WNWN Food Labs, the first to bring cocoa-free chocolate to market, today announced it won ‘Best Demo’ in the Häagen-Dazs Start-Up Innovation Challenge, a competition by EIT Food, the world’s largest food innovation community, to address key challenges in environmental sustainability and health.
WNWN presented its developments to Häagen-Dazs (a brand of General Mills) in the category of ice cream with the lowest carbon footprint in the final phase of the competition on 13 June at the Arras Technical Center in Arras, France, the hub of innovation for the Häagen-Dazs brand.
WNWN offered nine preparations using its cocoa-free chocolate including three versions of choc hazelnut ice cream: a treat encased in WNWN’s smooth vegan milk choc/hazelnut shell with WNWN’s choc chips inside; in a tub; and smaller, bite-sized pieces.
“The numbers don’t lie: chocolate itself generates more emissions per kilogram than dairy, so switching just that one ingredient dramatically reduces ice cream’s overall carbon footprint without requiring any other production changes,” said WNWN CEO Ahrum Pak. “Our cocoa-free chocolate is a simple one-to-one replacement for the chocolate formats General Mills currently uses.”
WNWN and nine other companies were selected as finalists from more than 160 start-ups from across Europe and partner countries.
WNWN employs a proprietary fermentation process to transform widely available plant-based ingredients like cereals and legumes to create cocoa-free choc that tastes, melts, snaps and bakes just like conventional chocolate.
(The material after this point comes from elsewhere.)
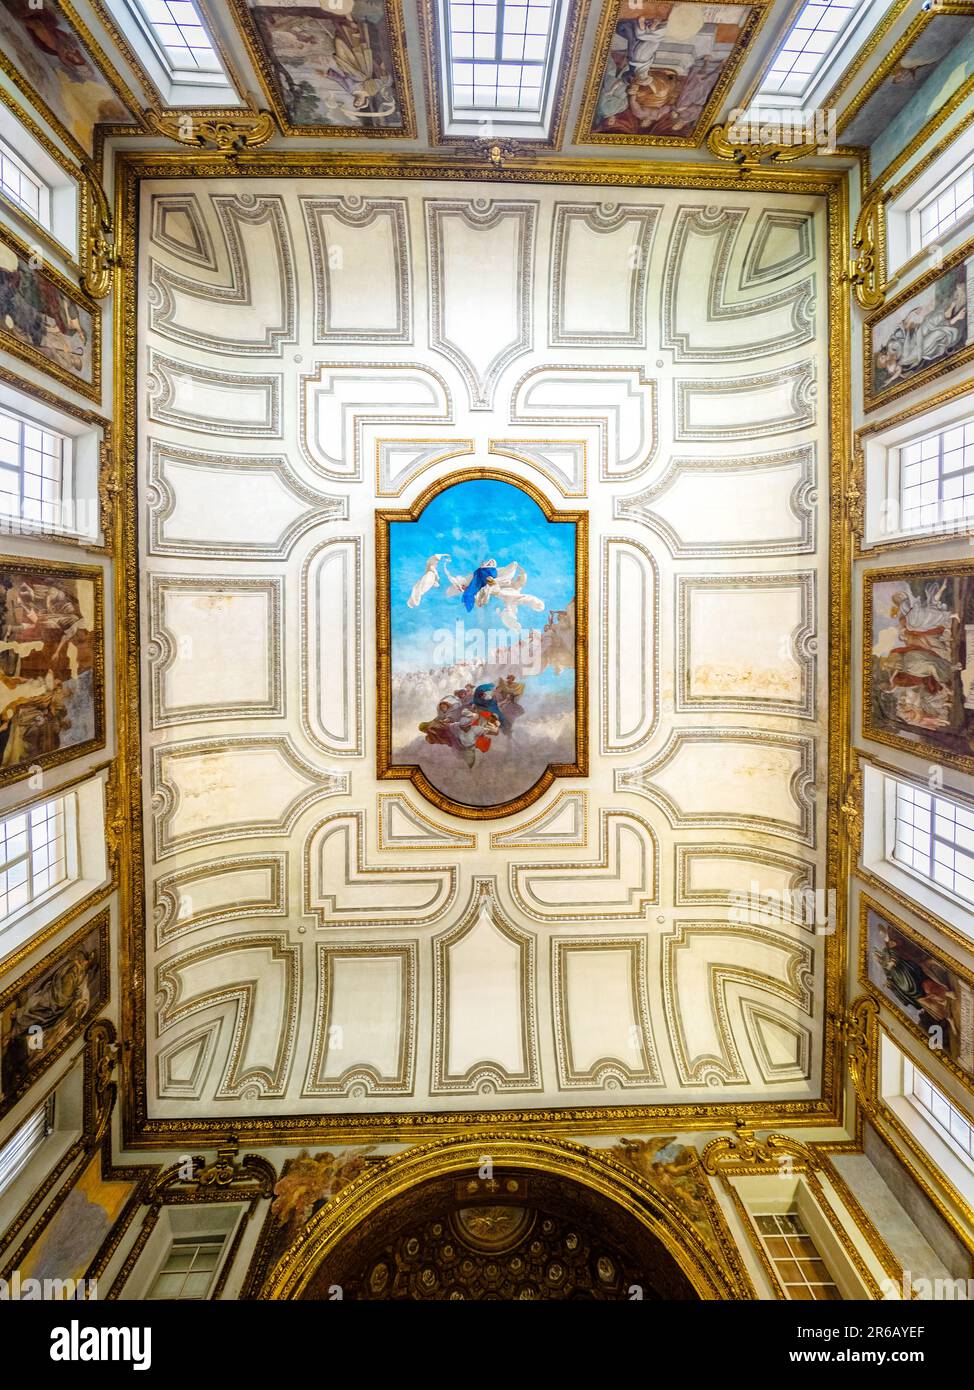 Decke der Königlichen Kapelle, gewidmet der Mariä Himmelfahrt - Königlicher Palast von Neapel, der 1734 zur königlichen Residenz der Bourbonen wurde - Neapel, Italien Stockfoto

It is vegan, caffeine-free, gluten-free, palm oil-free, and lower in sugar than comparable products.
According to an internal lifecycle analysis, WNWN’s dark choc emits 80-90% less greenhouse gases than conventional chocolate, and does not contribute to deforestation, habitat destruction, and unfair labour practices like the conventional chocolate supply chain. Cocoa crops are also highly vulnerable due to climate change, including rising temperatures and reduced rainfall, which has led experts to predict chocolate shortages in the coming years as well as higher prices.